▸ INFORMATION SUPPLIED:

* * * * *

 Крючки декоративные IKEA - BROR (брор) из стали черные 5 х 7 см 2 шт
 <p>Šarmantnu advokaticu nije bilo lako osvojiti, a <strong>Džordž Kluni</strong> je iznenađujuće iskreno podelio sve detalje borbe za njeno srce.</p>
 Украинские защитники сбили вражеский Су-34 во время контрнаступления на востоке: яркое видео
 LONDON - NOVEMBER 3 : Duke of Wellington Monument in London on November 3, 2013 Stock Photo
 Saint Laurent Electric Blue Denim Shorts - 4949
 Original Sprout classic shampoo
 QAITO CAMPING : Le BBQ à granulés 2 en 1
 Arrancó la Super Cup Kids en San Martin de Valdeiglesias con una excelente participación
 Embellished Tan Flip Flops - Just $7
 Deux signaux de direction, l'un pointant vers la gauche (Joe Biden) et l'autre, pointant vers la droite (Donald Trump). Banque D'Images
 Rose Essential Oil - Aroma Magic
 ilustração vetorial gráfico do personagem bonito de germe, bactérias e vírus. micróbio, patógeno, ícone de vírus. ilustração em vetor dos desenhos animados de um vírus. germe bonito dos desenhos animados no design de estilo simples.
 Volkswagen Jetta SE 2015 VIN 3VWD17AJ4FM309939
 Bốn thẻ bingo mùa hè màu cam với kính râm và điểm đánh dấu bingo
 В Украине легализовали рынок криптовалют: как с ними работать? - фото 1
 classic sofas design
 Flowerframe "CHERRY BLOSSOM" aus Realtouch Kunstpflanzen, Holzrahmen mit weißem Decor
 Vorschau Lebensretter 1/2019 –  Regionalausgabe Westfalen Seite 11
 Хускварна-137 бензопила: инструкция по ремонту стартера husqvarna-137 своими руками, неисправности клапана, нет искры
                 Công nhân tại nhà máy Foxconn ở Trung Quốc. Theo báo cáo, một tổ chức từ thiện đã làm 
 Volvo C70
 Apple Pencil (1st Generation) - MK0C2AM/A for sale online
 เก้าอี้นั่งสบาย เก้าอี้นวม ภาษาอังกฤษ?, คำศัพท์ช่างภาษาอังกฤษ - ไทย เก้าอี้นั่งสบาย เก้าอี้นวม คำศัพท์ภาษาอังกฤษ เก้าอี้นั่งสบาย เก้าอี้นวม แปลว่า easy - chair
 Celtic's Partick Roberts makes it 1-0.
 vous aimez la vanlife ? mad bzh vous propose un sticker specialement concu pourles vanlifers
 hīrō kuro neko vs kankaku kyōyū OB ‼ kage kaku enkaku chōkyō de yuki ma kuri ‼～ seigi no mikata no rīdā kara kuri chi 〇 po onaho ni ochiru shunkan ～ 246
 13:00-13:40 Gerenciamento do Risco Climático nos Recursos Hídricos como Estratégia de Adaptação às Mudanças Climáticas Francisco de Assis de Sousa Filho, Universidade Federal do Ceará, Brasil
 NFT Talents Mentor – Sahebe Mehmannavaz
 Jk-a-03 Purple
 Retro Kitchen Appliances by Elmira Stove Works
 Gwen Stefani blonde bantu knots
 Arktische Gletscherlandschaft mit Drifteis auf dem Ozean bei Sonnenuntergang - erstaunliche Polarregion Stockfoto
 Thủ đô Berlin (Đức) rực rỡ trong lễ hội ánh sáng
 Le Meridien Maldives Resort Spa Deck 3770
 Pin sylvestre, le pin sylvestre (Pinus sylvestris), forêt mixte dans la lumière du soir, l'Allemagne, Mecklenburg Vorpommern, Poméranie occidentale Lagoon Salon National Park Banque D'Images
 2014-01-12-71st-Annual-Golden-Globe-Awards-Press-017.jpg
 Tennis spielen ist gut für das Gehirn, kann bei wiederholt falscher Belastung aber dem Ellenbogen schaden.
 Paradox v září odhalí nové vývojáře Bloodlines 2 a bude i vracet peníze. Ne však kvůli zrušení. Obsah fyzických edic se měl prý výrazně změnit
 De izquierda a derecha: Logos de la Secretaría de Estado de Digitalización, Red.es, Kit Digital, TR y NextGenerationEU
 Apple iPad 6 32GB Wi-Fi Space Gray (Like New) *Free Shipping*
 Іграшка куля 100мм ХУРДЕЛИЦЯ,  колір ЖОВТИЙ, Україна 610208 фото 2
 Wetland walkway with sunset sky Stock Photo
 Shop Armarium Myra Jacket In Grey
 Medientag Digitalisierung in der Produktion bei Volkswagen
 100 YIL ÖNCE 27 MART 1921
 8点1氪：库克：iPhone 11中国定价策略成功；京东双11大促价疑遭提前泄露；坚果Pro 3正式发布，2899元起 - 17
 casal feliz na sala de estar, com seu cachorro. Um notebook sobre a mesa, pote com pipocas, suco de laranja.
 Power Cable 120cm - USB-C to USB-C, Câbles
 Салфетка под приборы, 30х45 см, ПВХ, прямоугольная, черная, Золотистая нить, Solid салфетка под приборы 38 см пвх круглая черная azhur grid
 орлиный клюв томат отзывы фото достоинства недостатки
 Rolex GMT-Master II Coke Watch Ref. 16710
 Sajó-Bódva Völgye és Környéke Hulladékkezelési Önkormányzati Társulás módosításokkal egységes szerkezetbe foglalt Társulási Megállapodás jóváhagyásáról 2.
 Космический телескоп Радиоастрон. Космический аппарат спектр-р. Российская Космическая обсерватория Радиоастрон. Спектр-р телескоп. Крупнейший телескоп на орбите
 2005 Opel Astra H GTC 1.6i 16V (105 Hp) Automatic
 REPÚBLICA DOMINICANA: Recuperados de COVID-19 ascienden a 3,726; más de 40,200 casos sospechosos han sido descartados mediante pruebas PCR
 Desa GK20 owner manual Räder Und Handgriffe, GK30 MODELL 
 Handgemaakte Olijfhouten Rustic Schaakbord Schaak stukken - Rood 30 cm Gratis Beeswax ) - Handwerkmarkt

* * * * *

▸ YOUR GOAL: Within the material above, output exactly the lines from the one with "Украинские защитники сбили" through the one with "ilustração vetorial gráfico", end lines included, and nothing besides.

▸ TASK OUTPUT:
 Украинские защитники сбили вражеский Су-34 во время контрнаступления на востоке: яркое видео
 LONDON - NOVEMBER 3 : Duke of Wellington Monument in London on November 3, 2013 Stock Photo
 Saint Laurent Electric Blue Denim Shorts - 4949
 Original Sprout classic shampoo
 QAITO CAMPING : Le BBQ à granulés 2 en 1
 Arrancó la Super Cup Kids en San Martin de Valdeiglesias con una excelente participación
 Embellished Tan Flip Flops - Just $7
 Deux signaux de direction, l'un pointant vers la gauche (Joe Biden) et l'autre, pointant vers la droite (Donald Trump). Banque D'Images
 Rose Essential Oil - Aroma Magic
 ilustração vetorial gráfico do personagem bonito de germe, bactérias e vírus. micróbio, patógeno, ícone de vírus. ilustração em vetor dos desenhos animados de um vírus. germe bonito dos desenhos animados no design de estilo simples.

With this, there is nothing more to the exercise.